# What is the major problem of your country?



## pjk (Nov 28, 2007)

I saw this topic on another forum, and since this forum is pretty spread out internationally, I figured I'd ask here.

What is the major problem of your country?

I'm in America (USA), and I think our biggest problem now is resolving the war issue, then slowing the burning of fossil fuels .


----------



## FU (Nov 28, 2007)

Singapore.

i'd have to say, the over emphasis on academic abilities in the education system, the fast pace of life (although it is a key to sustainable economic development), and the lack of grace in many (eg. rushing for seats in trains and buses, cutting queues isn't rare)


----------



## magicsquares (Nov 28, 2007)

Philippines...

We, ourselves, I guess...


----------



## Stefan (Nov 28, 2007)

Humankind.


----------



## Johannes91 (Nov 28, 2007)

School .


----------



## guusrs (Nov 28, 2007)

Netherlands: Too much people!
(but still too less cubers)


----------



## gillesvdp (Nov 28, 2007)

No government for 6 months now


----------



## Lotsofsloths (Nov 29, 2007)

> I'm in America (USA), and I think our biggest problem now is resolving the war issue, then slowing the burning of fossil fuels .


I'd have to agree about the war, and the government doesn't want to cut fossil fuels, for the say it will ruin the economy, but, as you said before; thats not a big issue at the moment.


----------



## ExoCorsair (Nov 29, 2007)

Imperialistic government, weak & corrupt officials, crap educational system, ignorant/apathetic public, and Social Security. The war is bad too, but that's a result of the above.


----------



## hdskull (Nov 29, 2007)

Di-ck and Bush.


----------



## tim (Nov 29, 2007)

The major problem of "my" country is, that it's a country. But that's probably a humankind issue.


----------



## 4GO57O (Dec 14, 2007)

Philippines: corrupt officials...
too much demodracy...spoiled people
too much people


----------



## deadalnix (Dec 14, 2007)

France.

The fear of the reform.


----------



## CorwinShiu (Dec 14, 2007)

Lotsofsloths said:


> > I'm in America (USA), and I think our biggest problem now is resolving the war issue, then slowing the burning of fossil fuels .
> 
> 
> I'd have to agree about the war, and the government doesn't want to cut fossil fuels, for the say it will ruin the economy, but, as you said before; thats not a big issue at the moment.

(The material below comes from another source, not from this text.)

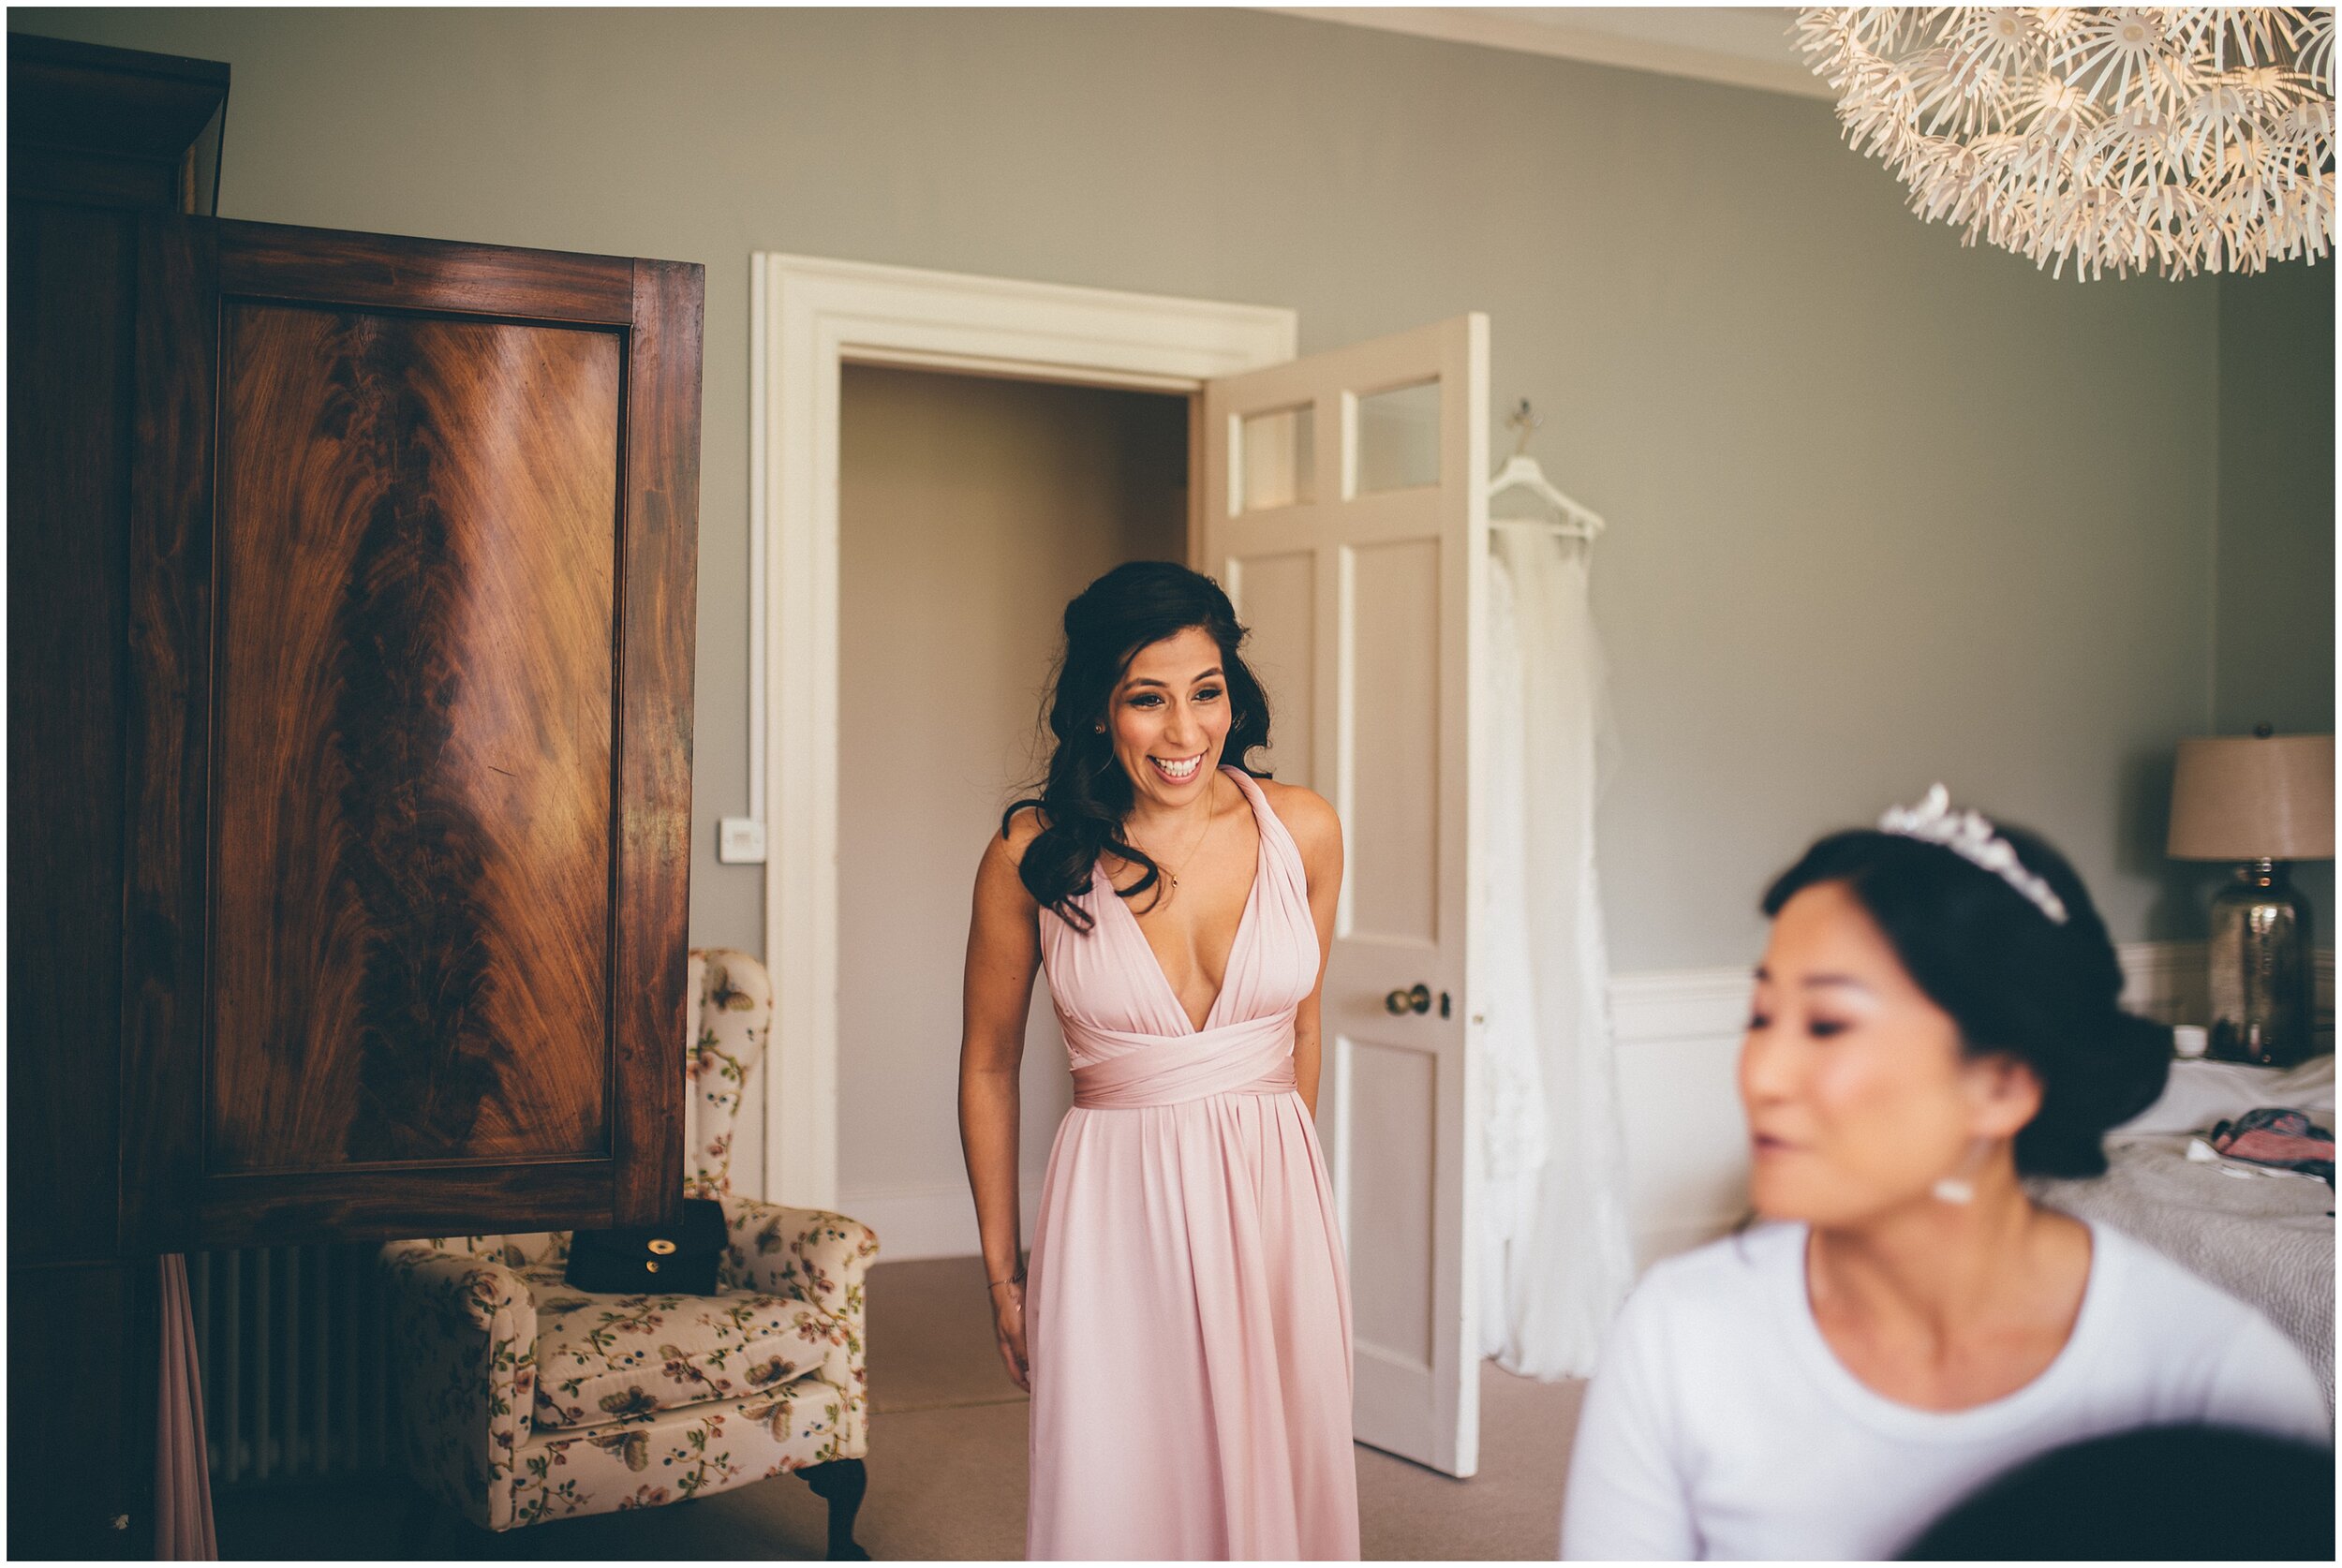 Smiling Bridesmaid sees the bride for the first time

After the war, I would say our economy. The dollar is dropping like crazy. Also, obesity is a pretty big problem; but that goes for almost every country.


----------



## badmephisto (Dec 16, 2007)

Canada:
-letting people with PhD's in, and then have them work in taxi cabs


----------



## Dene (Dec 17, 2007)

New Zealand.... I would say the pro-liberal government, although that may just be because I'm conservative, but let us be honest, we no longer have jails, we instead have "corrections-facilities", we have NO RIGHT to punish mis-behavours, only to tell them what they did wrong, which results in a lot of teenagers who think they can get away with anything - and do (in terms of education/smoking/drugs/sex/suicide etc etc). I could go on, but I won't (I'm also a teenager btw, and I cannot wait to rid my self of such a demeaning title).


----------



## AvGalen (Dec 17, 2007)

I think that most people are not enjoying life enough, but they seem to think they have the right to be happier. So they blame work, responsibilities, politics, traphic or whatever because those are problems they cannot solve by themselves.

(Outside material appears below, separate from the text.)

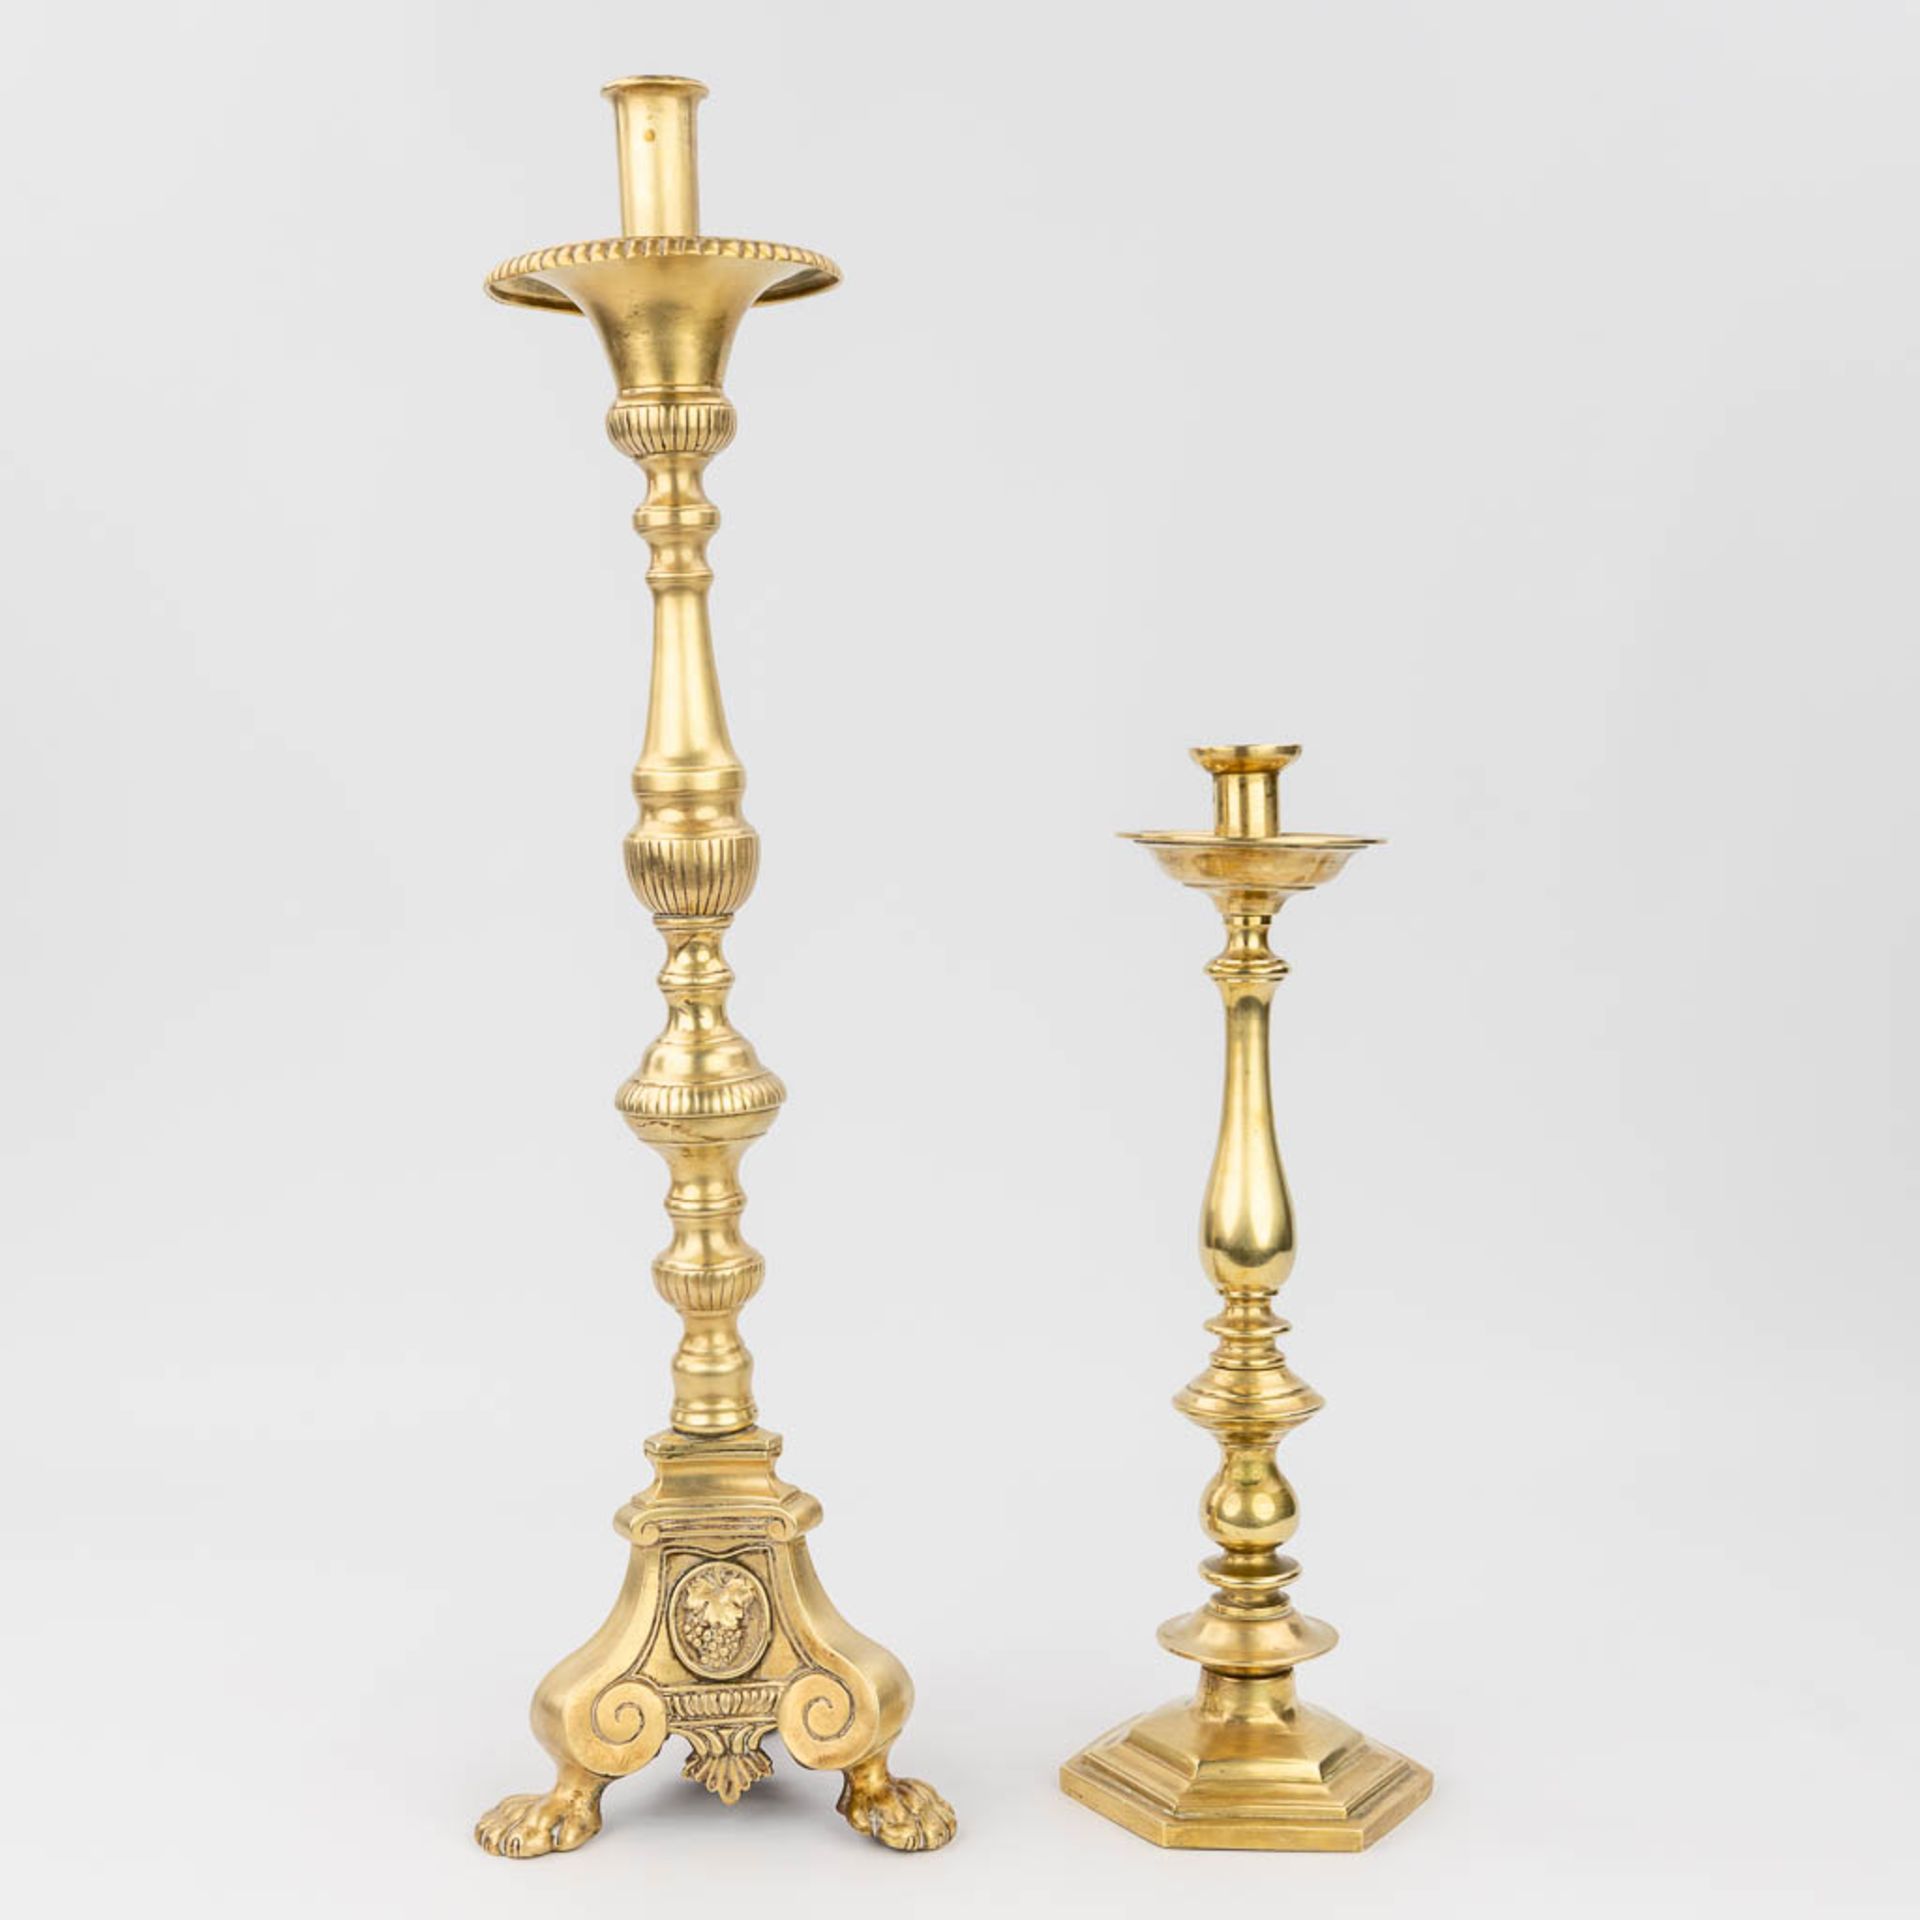 A collection of 2 candelabra made of polished bronze. (H:65 cm) - Image 5 of 14

Fact: Most countries are very good places to live in right now, have been for a long time, and will be for a long time. So just enjoy it and make it a little better by fixing the small problems you can.


----------



## Dene (Dec 18, 2007)

AvGalen said:


> Fact: Most countries are very good places to live in right now, have been for a long time, and will be for a long time. So just enjoy it and make it a little better by fixing the small problems you can.

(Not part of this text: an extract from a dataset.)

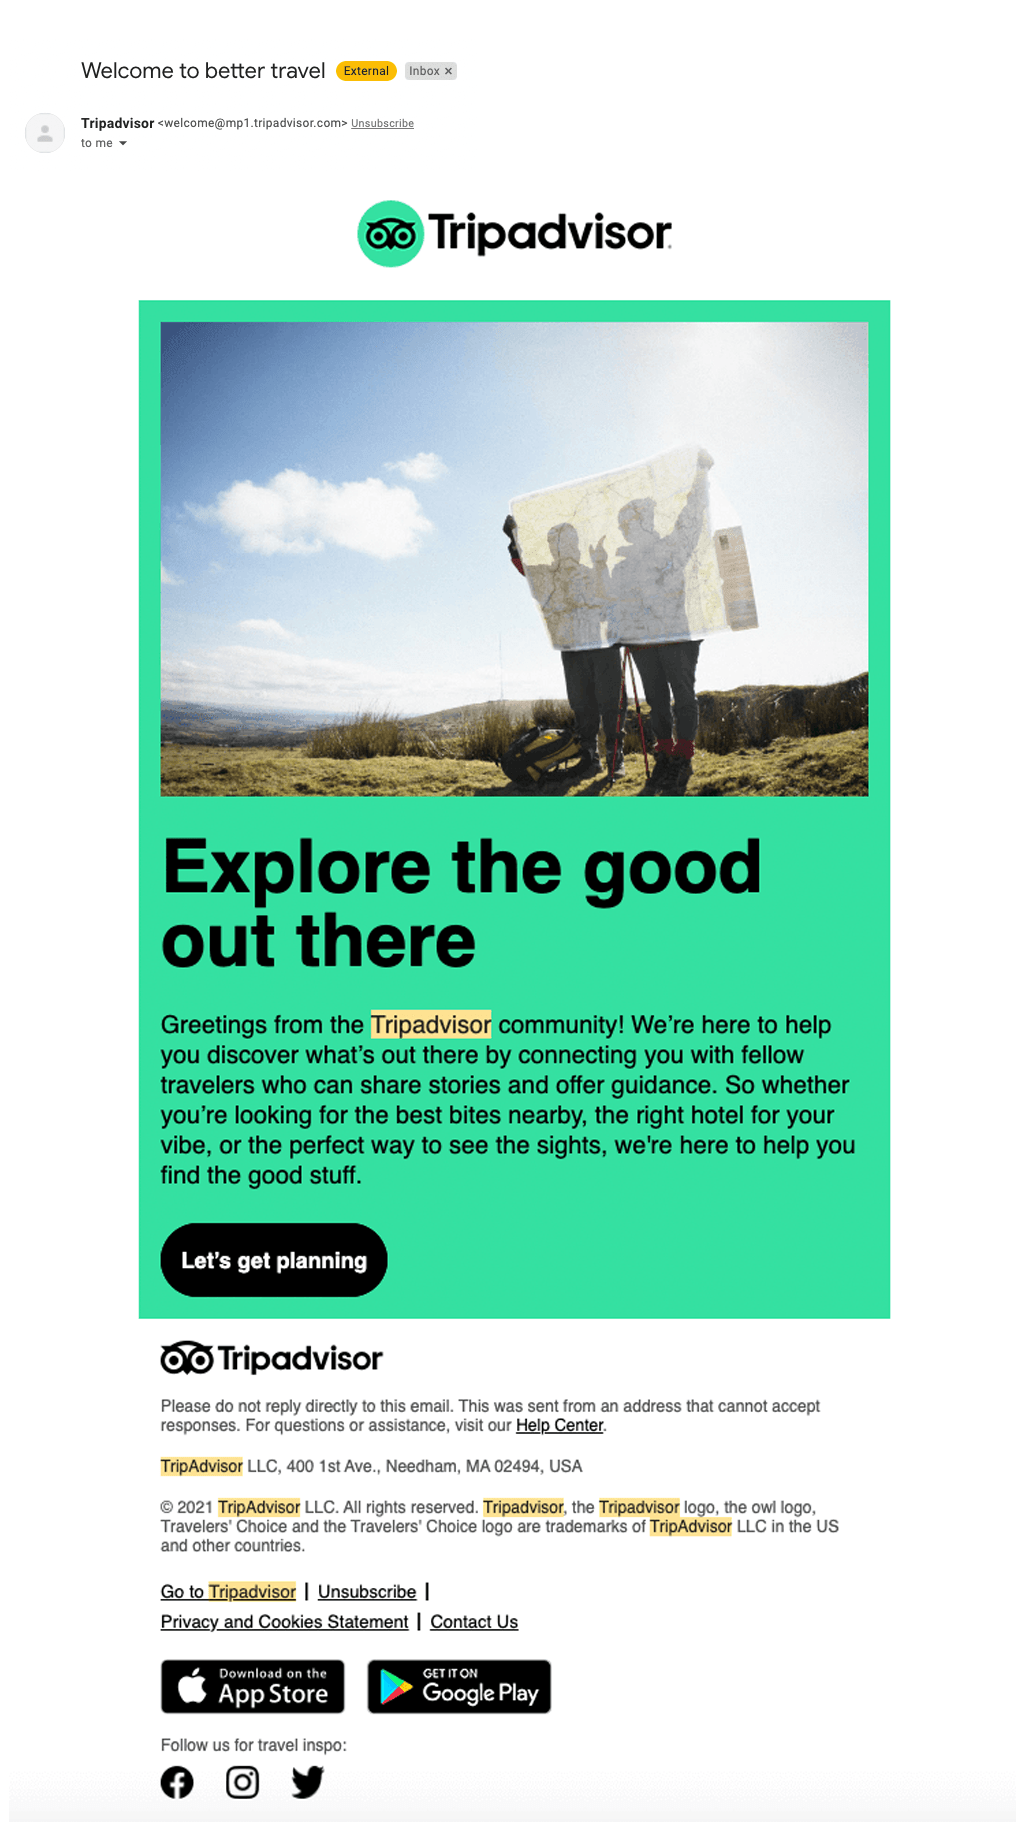 SaaS Welcome Email: Welcome email from Tripadvisor

I don't feel like getting into a debate, but I think you're overlooking the basic fact that around 27% of the world's population live in extreme poverty (that is, those who don't earn an equivalent of US$1 a day). You see, when you say "good", you are being far too ambiguous, but like I said, I don't feel like debating  . If you want to really get into it, I recommend books on Political Philosophy (Locke/Hobbes/Rawls etc.) Happy philosophizing!


----------



## badmephisto (Dec 18, 2007)

Dene said:


> AvGalen said:
> 
> 
> > Fact: Most countries are very good places to live in right now, have been for a long time, and will be for a long time. So just enjoy it and make it a little better by fixing the small problems you can.
> ...



Yes but how many of those people included in the 27% don't even have a proper concept of what money actually is? I'm always a little skeptical about statistics like that, which get thrown around without any proper description of what they actually represent, and who they include... 
like yesterday I read on an ad that like 50% of children in Canada have trouble reading... What exactly does something like that mean, and how outrageous does that sound?


----------



## Dene (Dec 18, 2007)

Ah yes, I like the way you think. That is exactly correct, but the idea was mainly to show that the world perhaps isn't such a great place. I mean one only has to look at Zimbabwe to see chaos in its most extreme form.


----------



## AvGalen (Dec 18, 2007)

badmephisto said:


> Dene said:
> 
> 
> > AvGalen said:
> ...


 
No need for a debate. We agree.

And I know that the world is far from perfect, but that is exactly why I think that "living in a country where obesitas, wars you fight in other countries, fear of reform, no real government for 6 months, etc" proves that those are very good places to live in right now


----------



## Dene (Dec 18, 2007)

Hmmm.... Well, good? or best of a bad job? I'll leave you to ponder on that 



> No need for a debate. We agree.


This one I find funny, and I'll take it as a witty little comment, and not in seriousness.  (Just to be clear, that statistic doesn't cover nearly any of what I would consider the problems in the world right now).


....Still not debating!


----------



## Pedro (Dec 23, 2007)

I think the main problem here in Brazil is poverty...and...

the money is not well spread...few people concentrate a lot of all the money, while a lot of people has almost no money


----------



## jtjogobonito (Dec 24, 2007)

George W. Bush


----------



## van21691 (Dec 25, 2007)

magicsquares said:


> Philippines...
> 
> We, ourselves, I guess...



corrupt gov't.


----------